> **What to do**: Print the line containing "21370円 円高還元 車椅子用の湾曲したスライディングトランスファーボード" and all lines after it to the end of the records below, exactly as written. No pictures.

Records excerpted from a collection

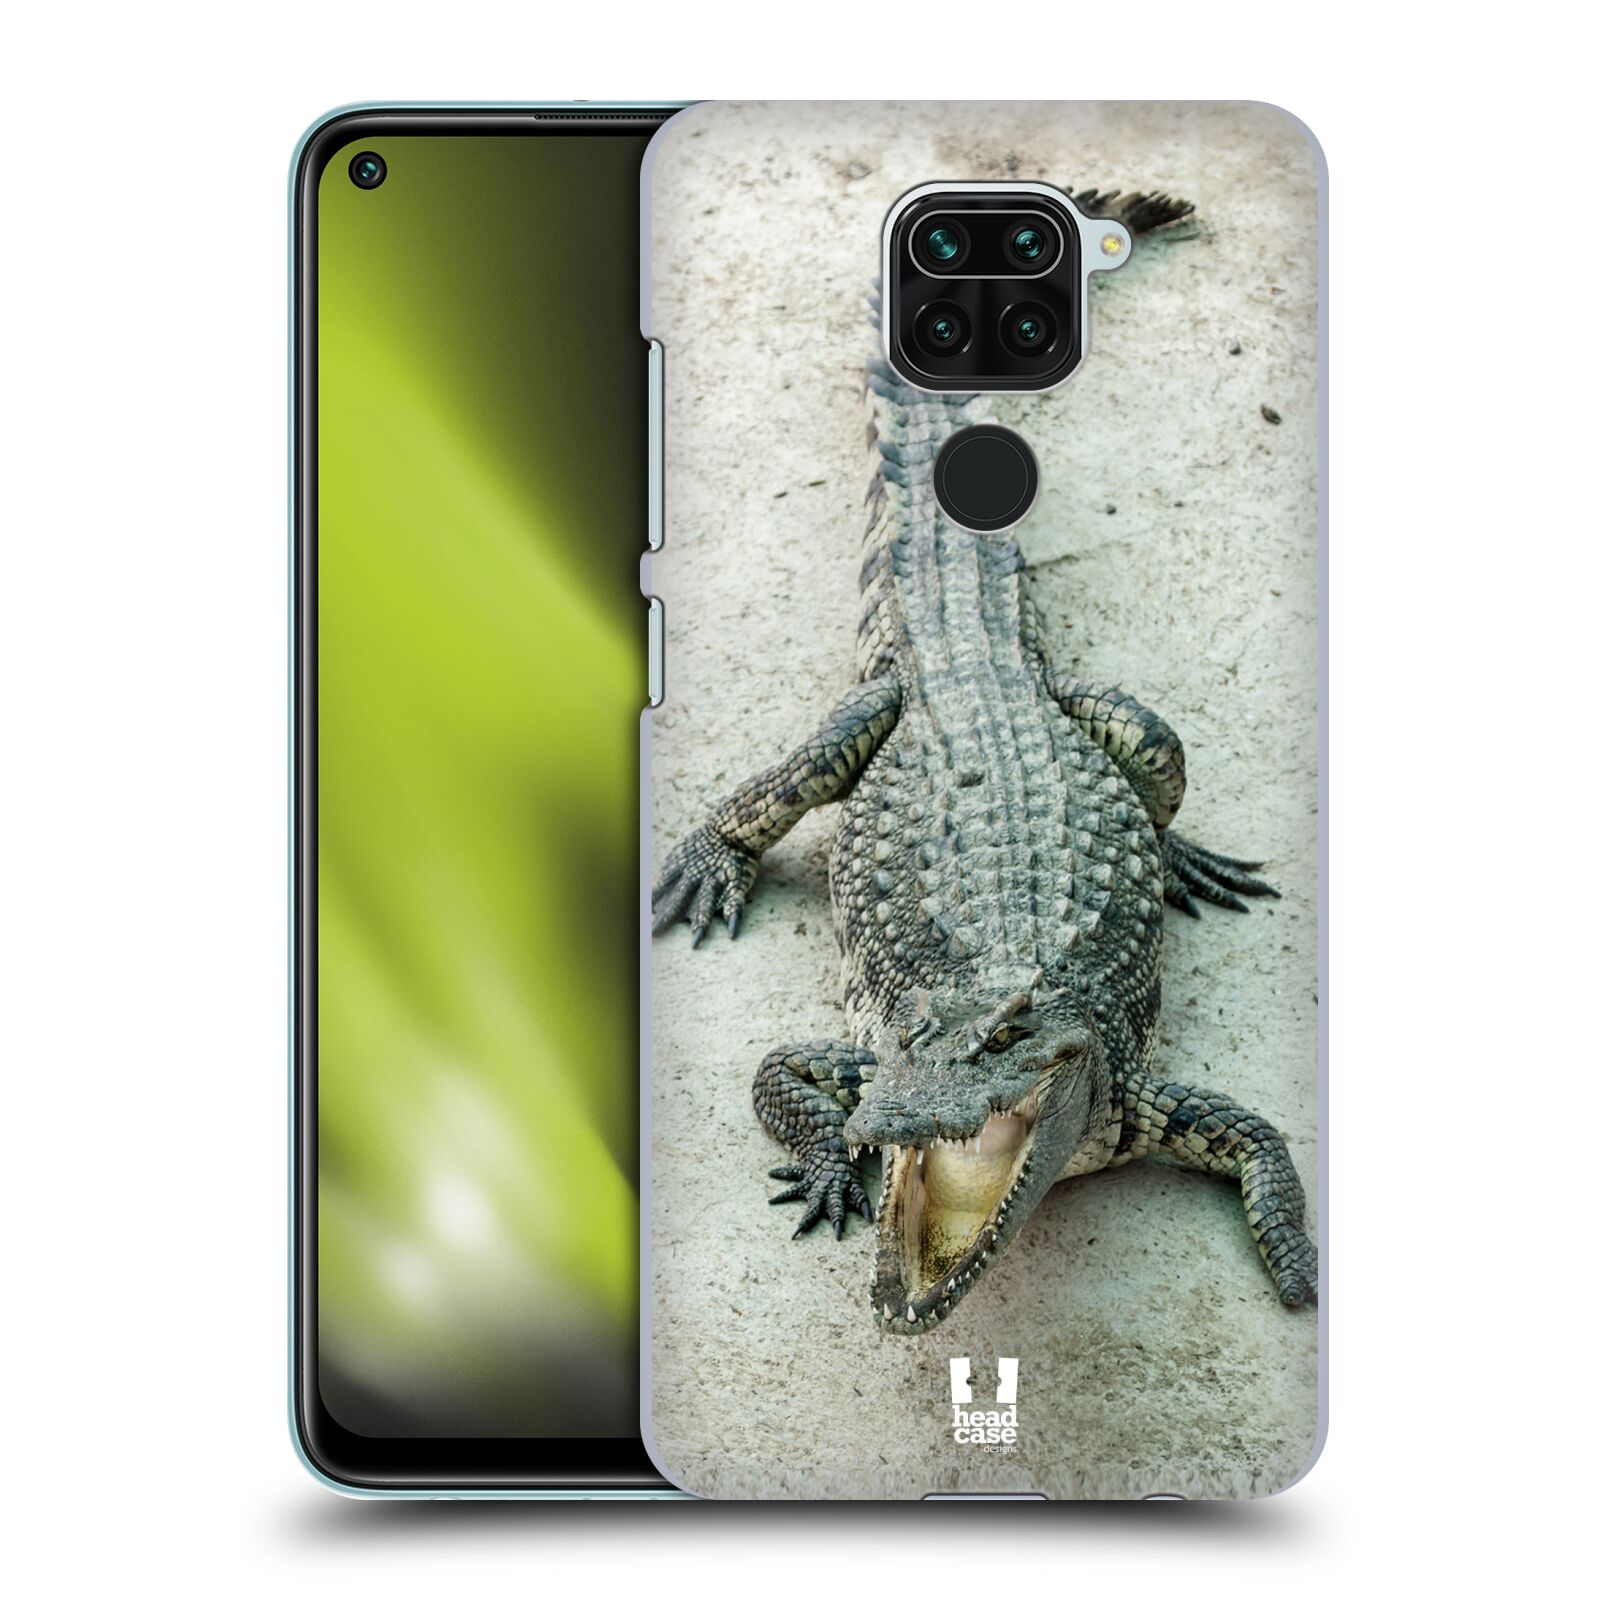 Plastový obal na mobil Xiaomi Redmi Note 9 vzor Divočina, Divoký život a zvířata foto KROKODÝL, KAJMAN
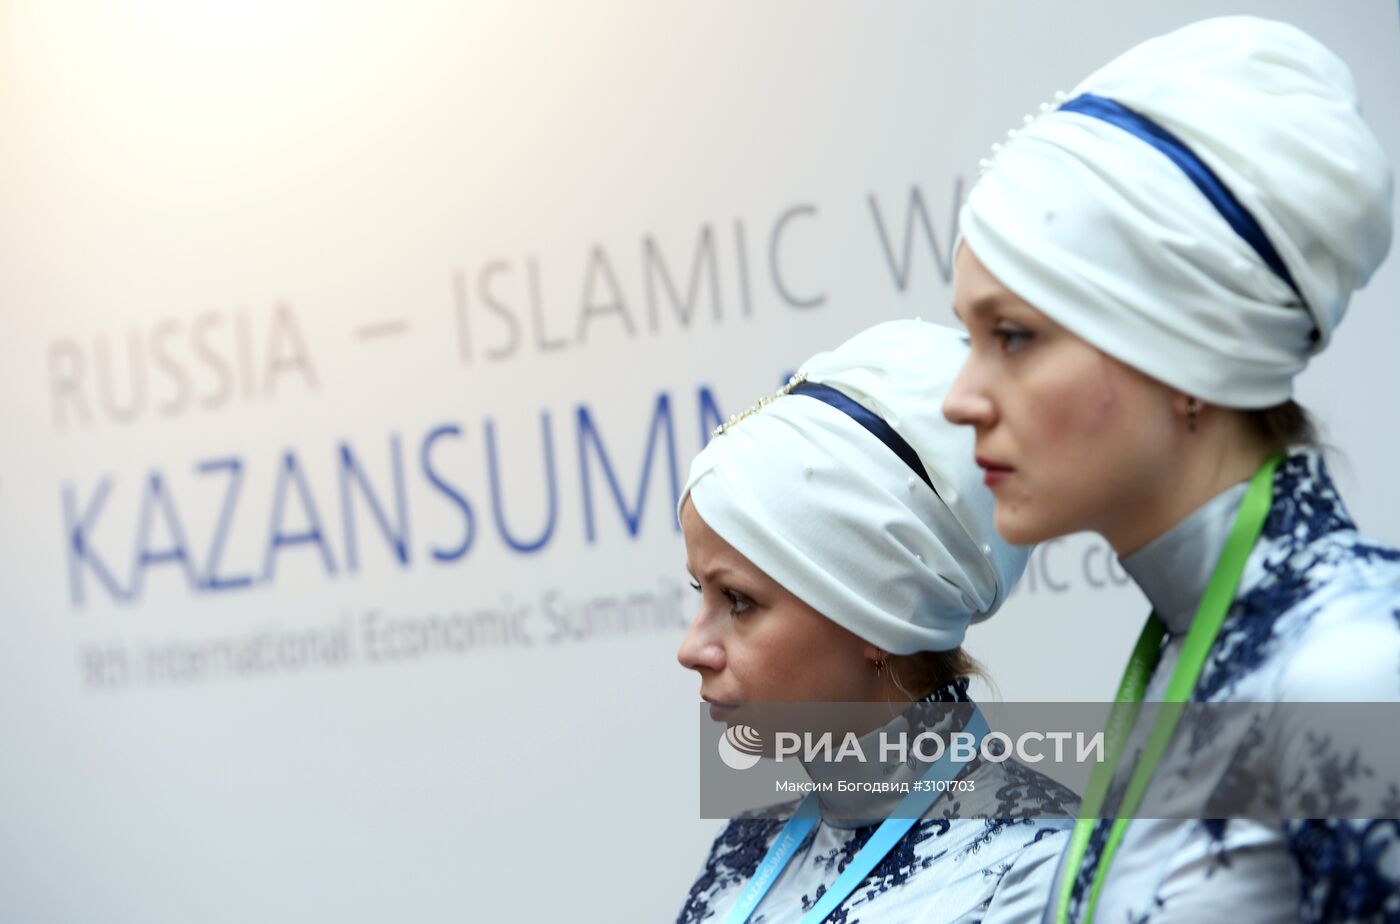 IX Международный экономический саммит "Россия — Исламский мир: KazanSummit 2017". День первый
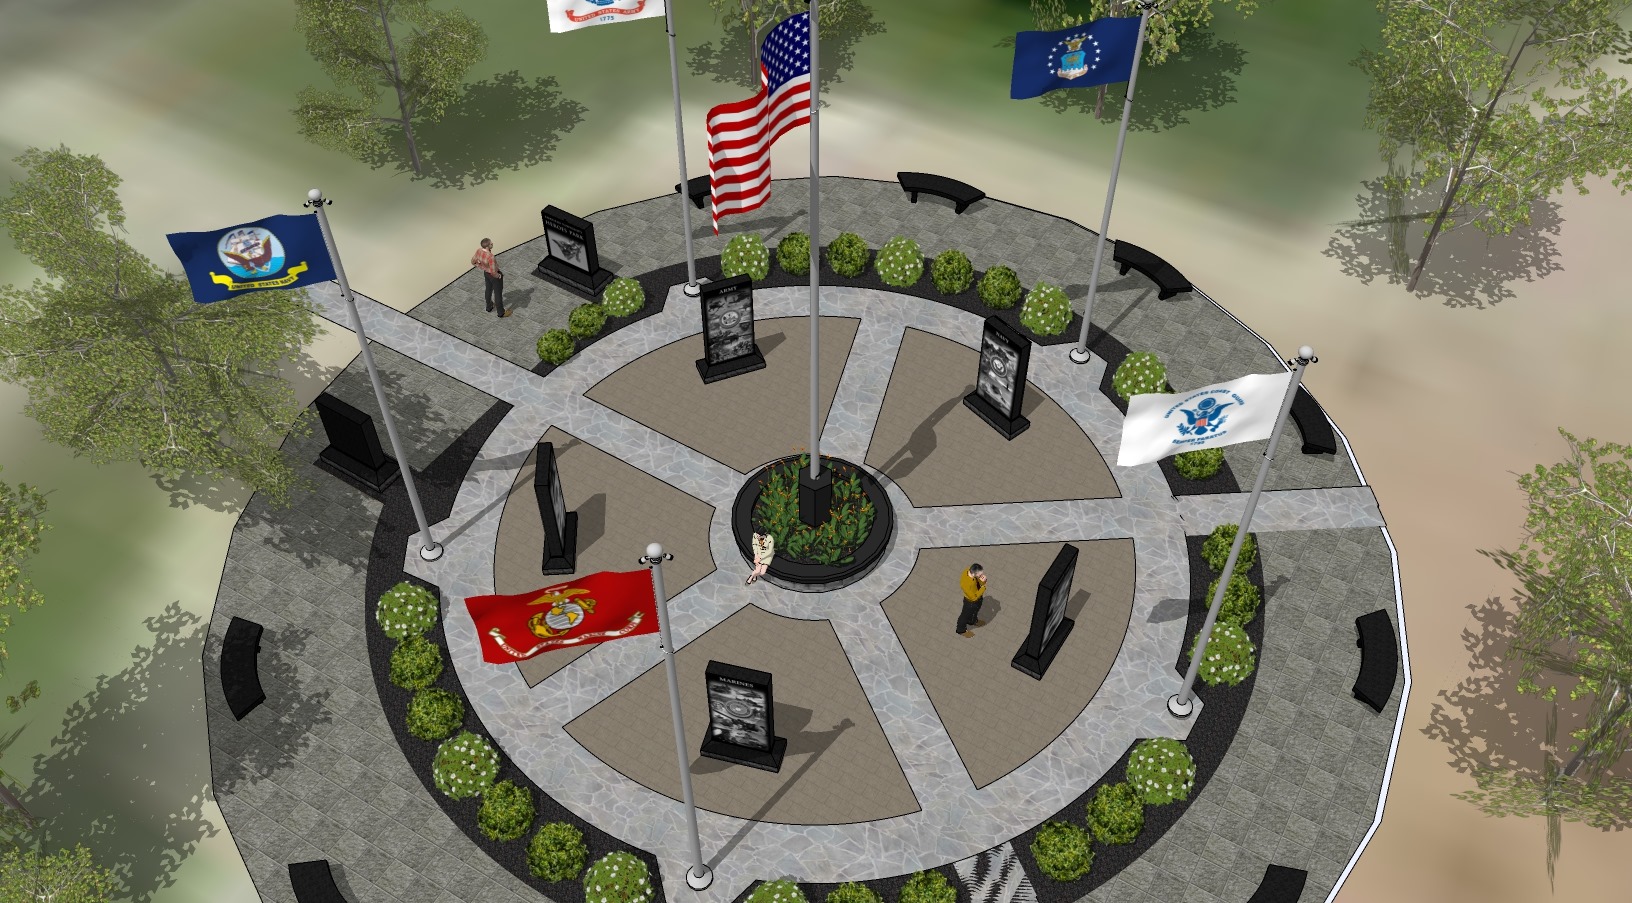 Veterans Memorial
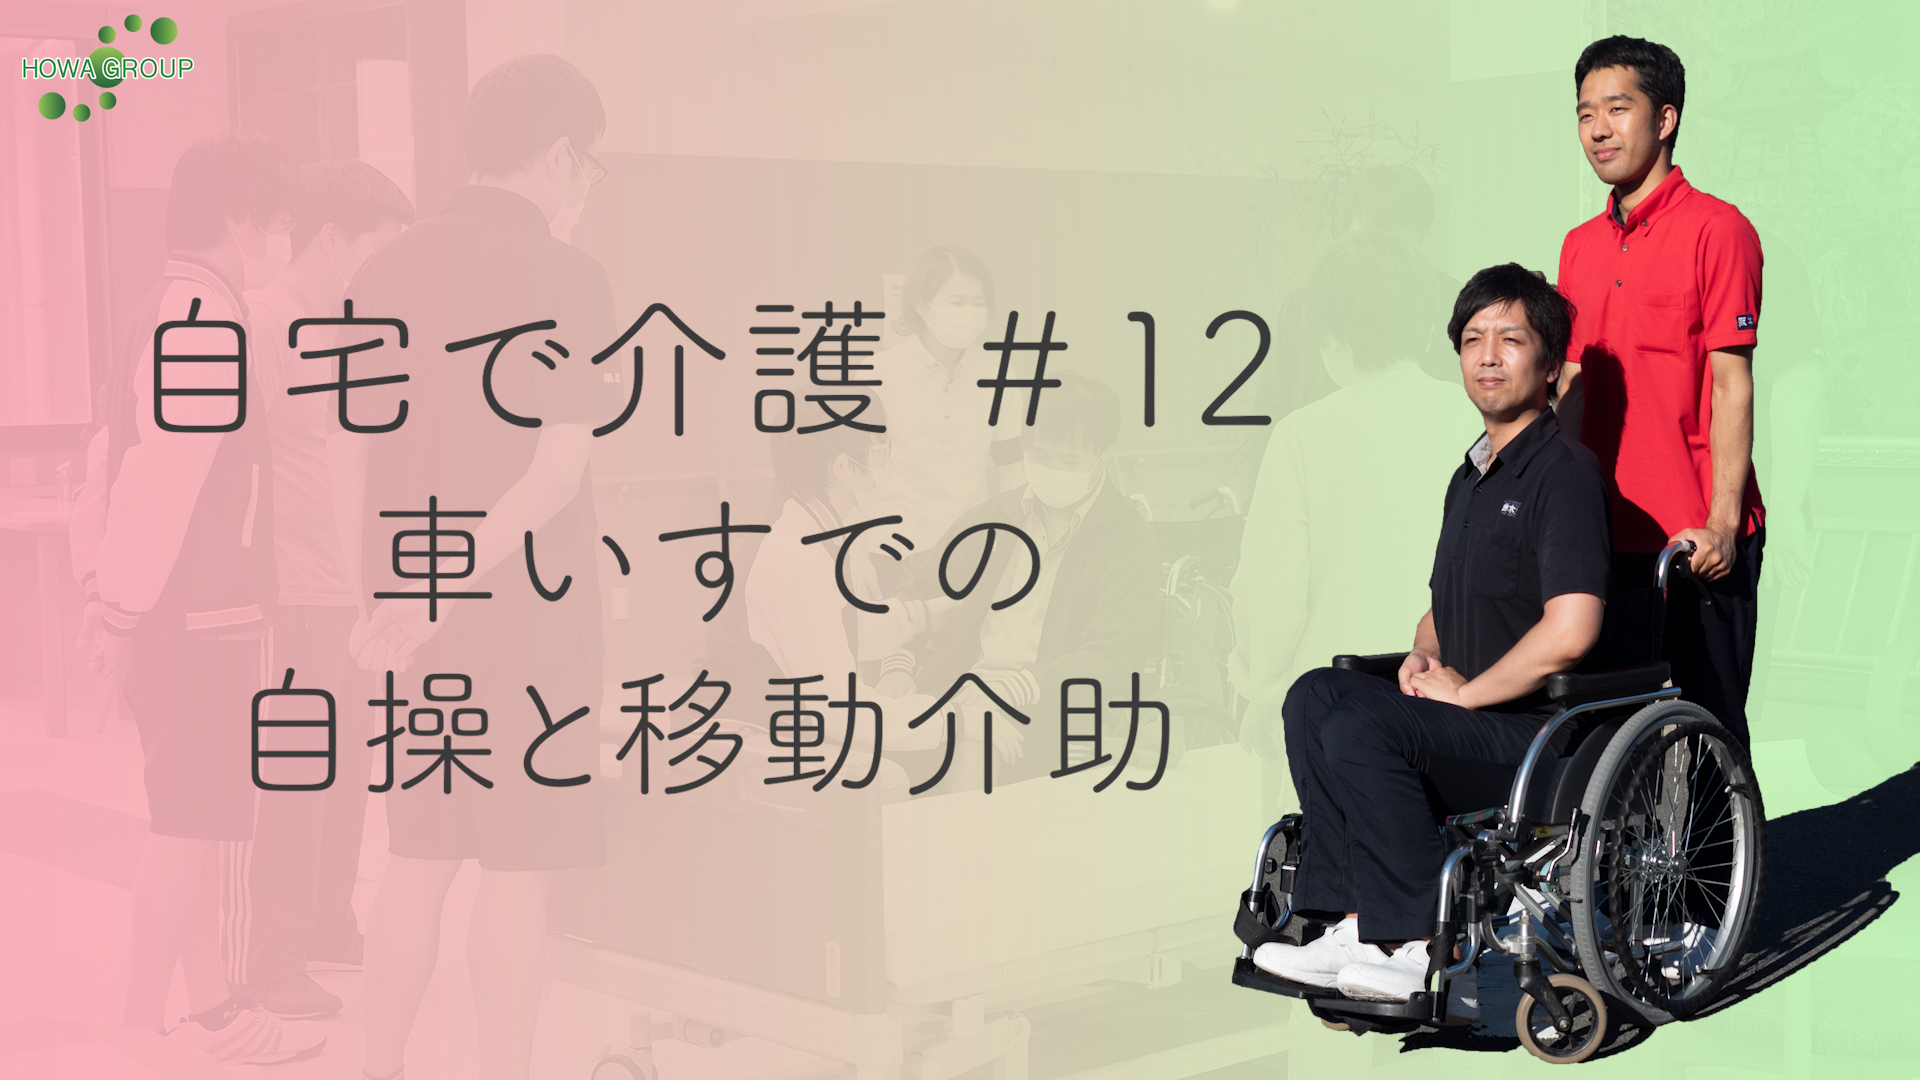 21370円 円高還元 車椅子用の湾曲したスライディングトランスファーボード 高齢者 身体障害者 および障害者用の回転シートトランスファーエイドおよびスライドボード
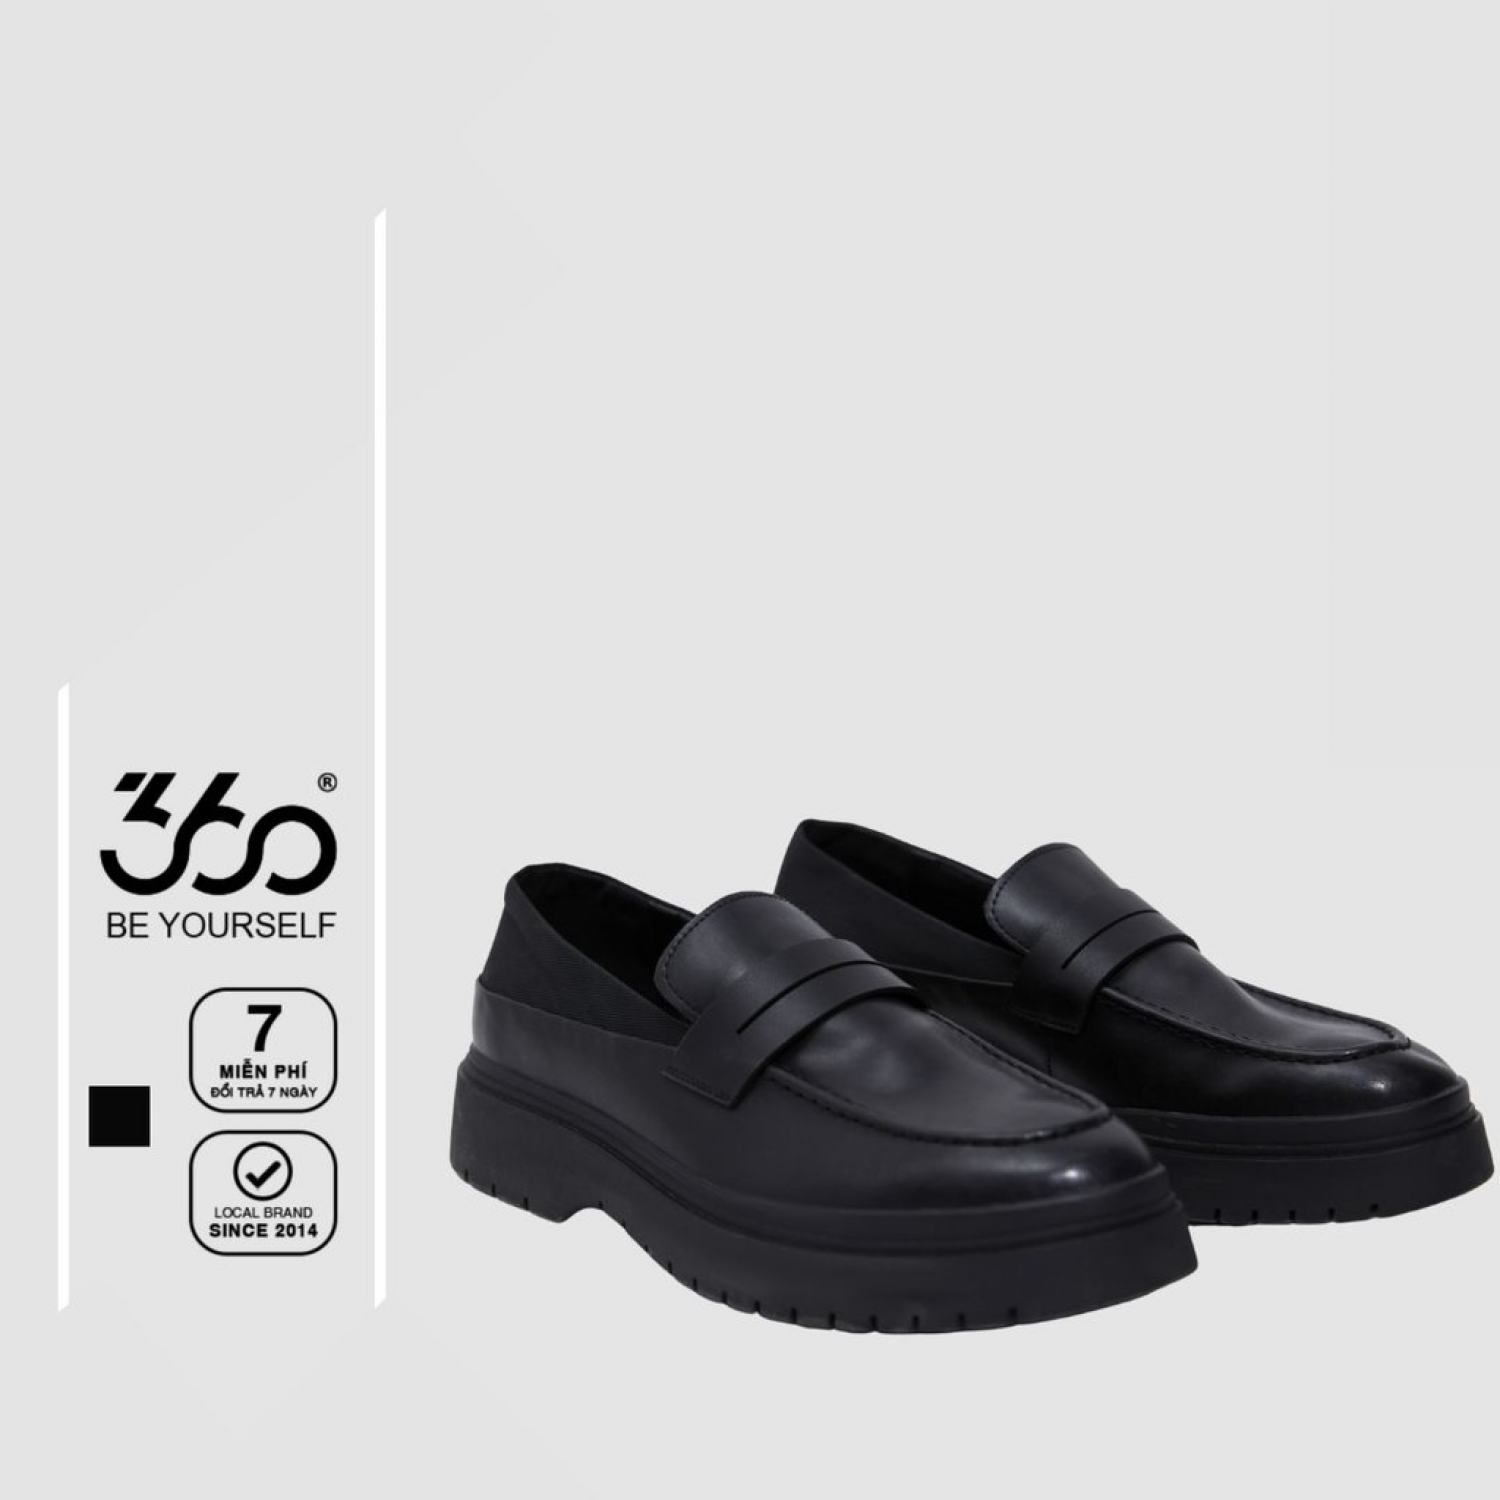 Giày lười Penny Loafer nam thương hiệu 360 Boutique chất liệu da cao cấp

> **Result of this exercise**:
 21370円 円高還元 車椅子用の湾曲したスライディングトランスファーボード 高齢者 身体障害者 および障害者用の回転シートトランスファーエイドおよびスライドボード
 Giày lười Penny Loafer nam thương hiệu 360 Boutique chất liệu da cao cấp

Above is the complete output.